= Stylorouge =

British graphic design studio

Stylorouge is a graphic design studio based in Yalding, Kent, formed in London by creative director Rob O'Connor in 1981.

Art work created by the studio has included record sleeve designs for bands such as Siouxsie and the Banshees for their 1981's Once Upon a Time/The Singles compilation vinyl which was certified gold, Enya, Blur (it designed the band's first logo, and was still working with them in 2013), the Cure, Gary Glitter, Morrissey, the Sisters of Mercy, Stereophonics, Killing Joke, Sandie Shaw, Adam Ant, Geri Halliwell, Catatonia, Jesus Jones, Squeeze, Crowded House, Dr. John, Simple Minds, Sarah Brightman and Menswear, as well as creating the artwork for the final Pink Floyd studio album, The Endless River (2014).
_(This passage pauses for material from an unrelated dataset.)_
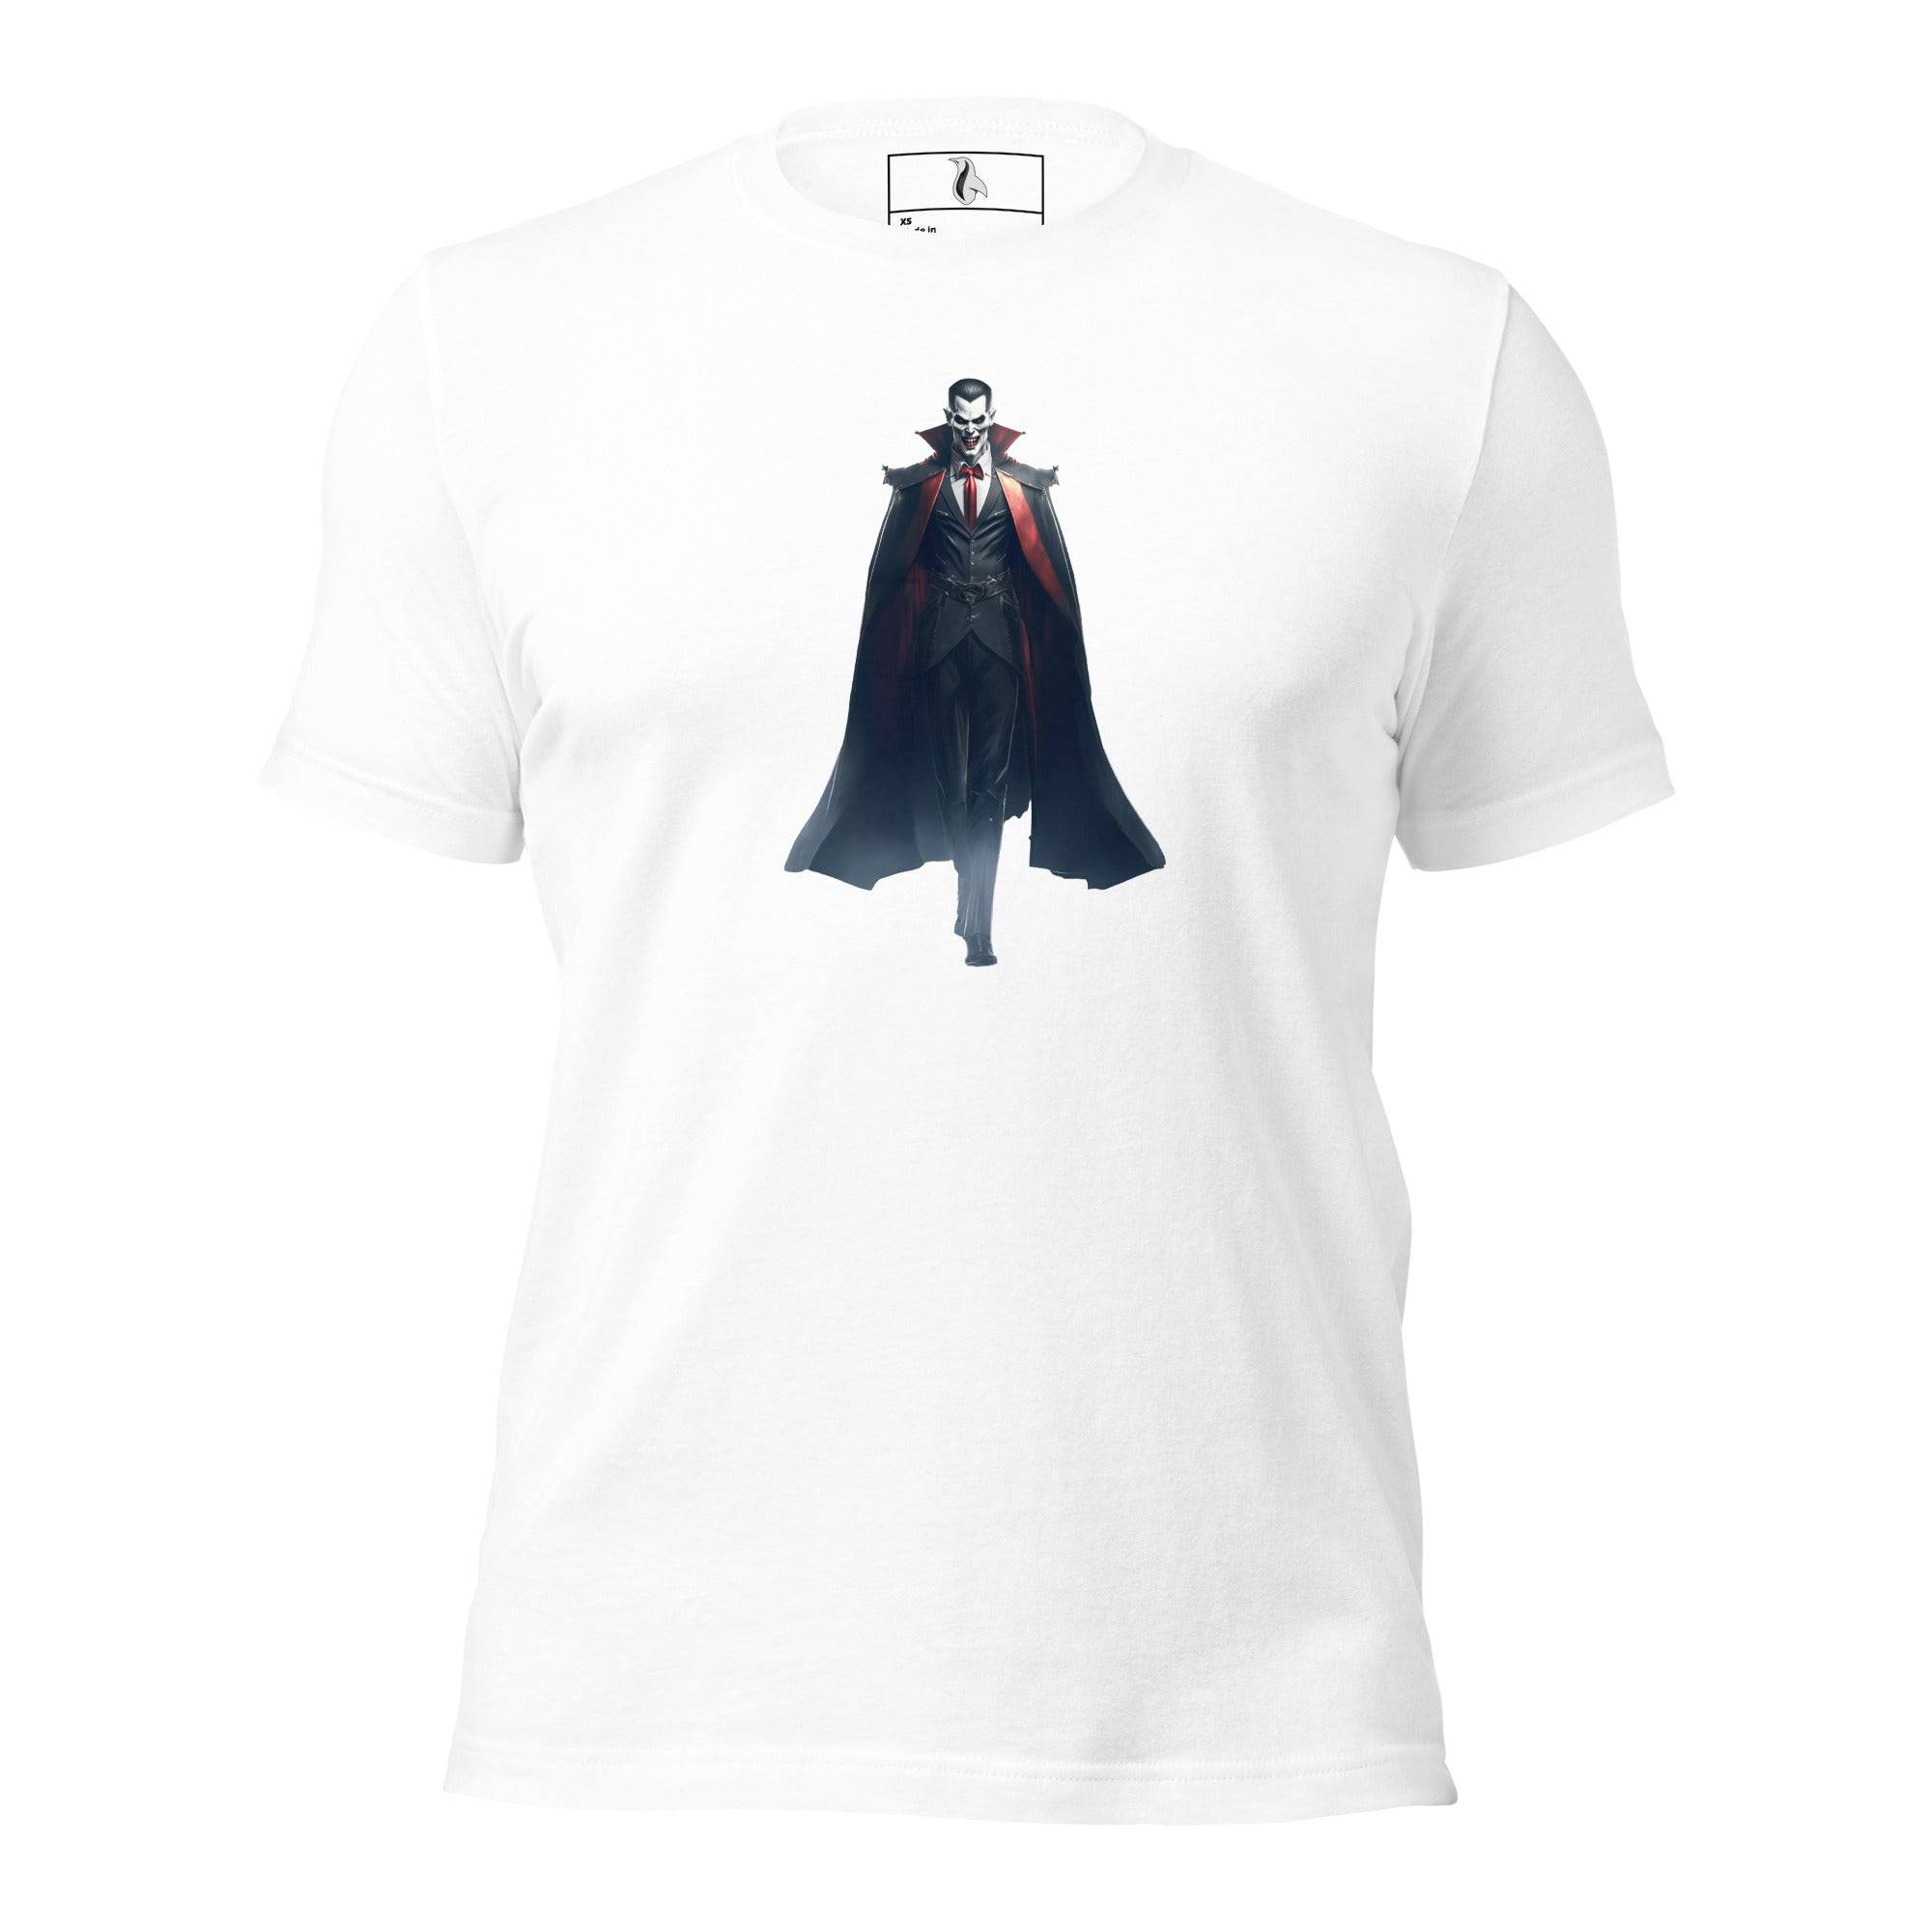 The Monster Squad "Dracula" Unisex t-shirt

It was also responsible for the design and art direction of the original posters for the British film Trainspotting, dubbed "some of the most iconic and memorable [film posters] of all time", and which inspired the poster by PolyGram for the sequel, T2 Trainspotting. The studio was also credited with adding the exclamation mark to the name of then teenage band Wham!

In 2012, an exhibition called Dream in Colour at the Aubin Gallery in London celebrated Stylorouge's thirtieth anniversary.